We believe these 5 stocks are likely to outperform Treasury bonds by a large margin over the next 10 years.

By Usman Rafi

With the current 10-year Treasury rate hovering around 1.95%, bonds have lost their attractiveness as a form of fixed income investment. Combine this with a 2% to 3% annual inflation and the picture starts to look even bleaker, especially for investors who are close to their retirement age and want to maximize their gains over the next couple of years. Keeping this in mind, we believe that dividend stocks might be a better alternative. However, there is another concern facing soon-to-be retired individuals, and that is financial security. They can't afford to chase high yields that bear much greater risk than the Treasury bonds, and then there is also the question of stability of the yield.
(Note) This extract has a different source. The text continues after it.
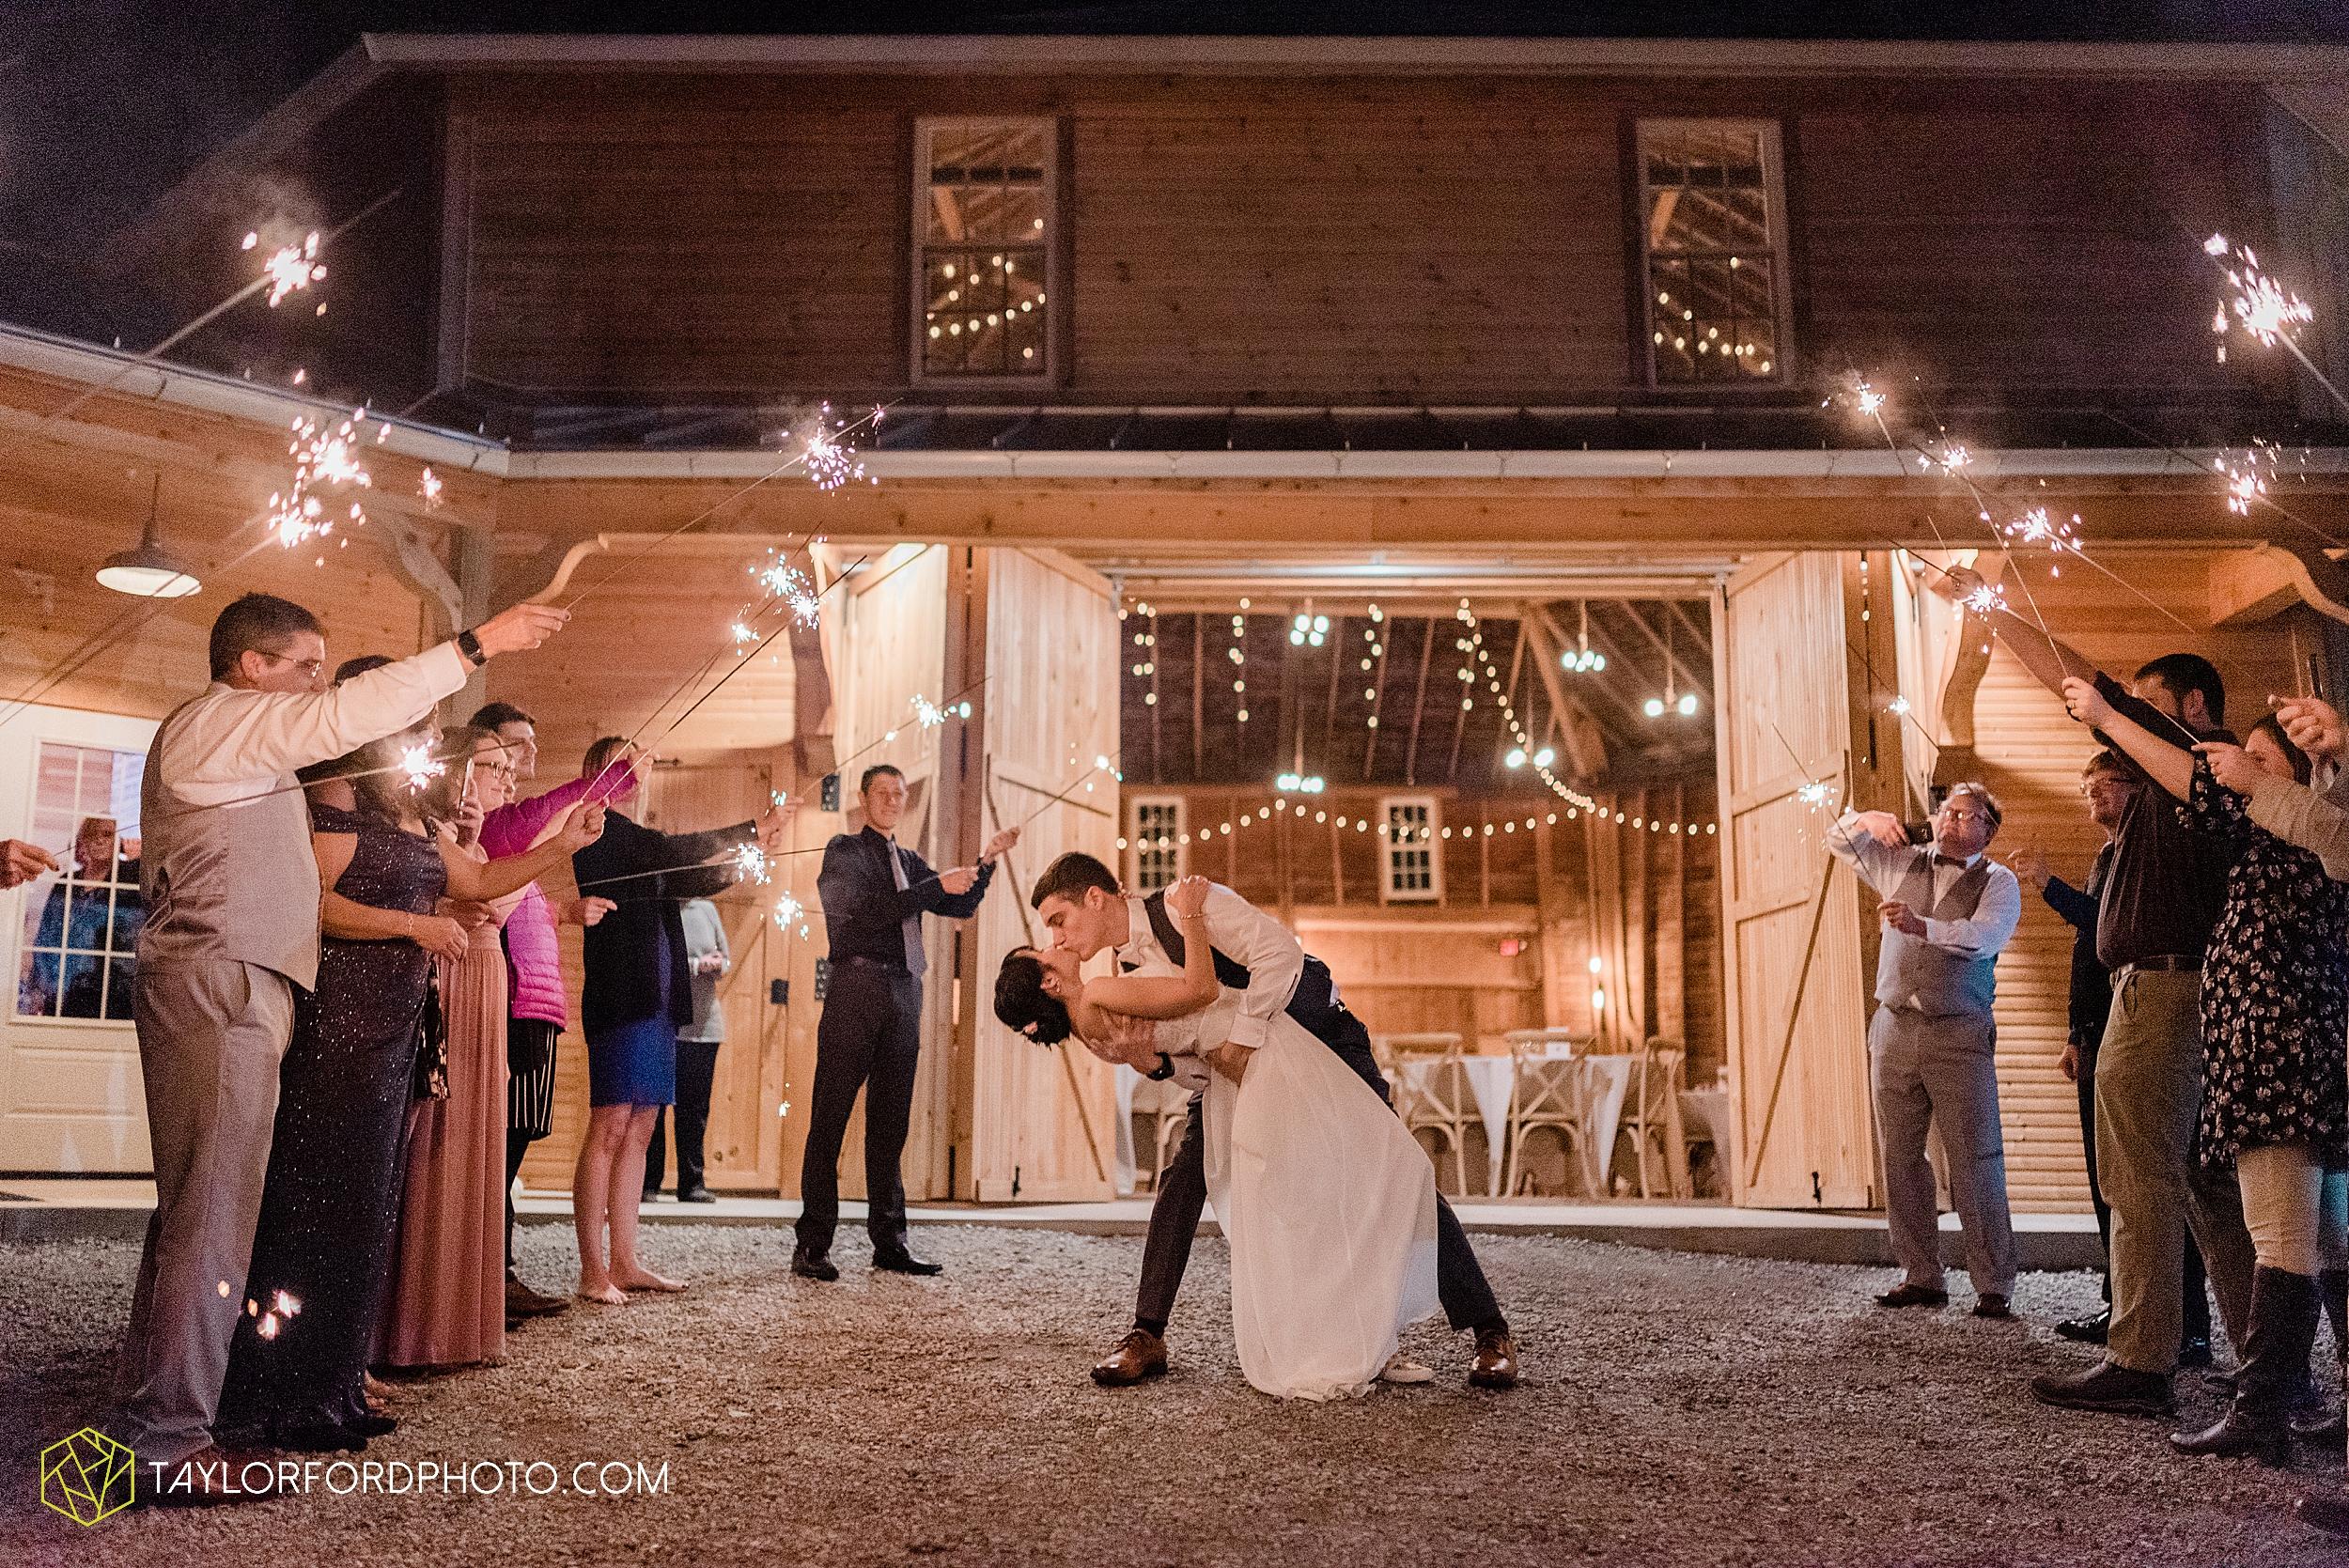 marissa-nicole-nick-daeger-orrmont-estate-farm-wedding-piqua-dayton-troy-ohio-fall-photographer-taylor-ford-photography_1577.jpg

In this regard, we have formulated a list of five dividend stocks that have not reduced their dividends for the last 10 years, and have received the greatest interest from hedge funds. They include Air Products & Chemicals (APD), McDonald's Corporation (MCD), Johnson & Johnson (JNJ), Microsoft Corporation (MSFT), and Williams Companies (WMB).

Hedge funds have not invested in these companies for the sole purpose of dividends. They are in for the long haul and while they wait for the capital appreciation to take place, they feast on this stable supply of dividends. Our research, which is based on tracking these hedge funds for more than 15 years has revealed that the 50 most popular large cap stocks among these firms underperformed the market by an average of 7 basis points per month between 1999 and 2012. In contrast to this, our small cap strategy, which is based on 15 most popular small caps among hedge funds and insiders outperformed the market by nearly a percentage point per month on average. The strategy has performed exceptionally well during forward tests as well, since it outperformed the S&P 500 by nearly 80 percentage points to return 132% from August 2012 onwards (read more details here). Hence investors need to be smart about following hedge funds in a way that maximizes their returns and refrain from blindly following their large cap picks.

Moving on to the first pick, Air Products & Chemicals, Inc hasn't reduced its dividend for the last 32 years. The company is also one of the hedge funds' favorite Dividend Aristocrats and has a current yield of 1.97%. At the end of the fourth quarter 82 hedge funds had an aggregate investment of $8.92 billion in the company compared to 71 funds with $7.87 billion in the previous quarter. Bill Ackman's Pershing Square is one of these shareholders with 20.55 million shares valued at $2.96 million.

Air Products & Chemicals, Inc. is up nearly 31% over the year as the company is in the midst of reorganization, which has been going on since Ackman took an activist stake in the company during 2013. The company hired a new CEO, Ghasemi Seifi, following the activist intervention. He made an insider purchase in February this year involving some 27,000 shares of Air Products & Chemicals, Inc. valued at approximately $4.15 million, which proves his strong belief in the company's turnaround.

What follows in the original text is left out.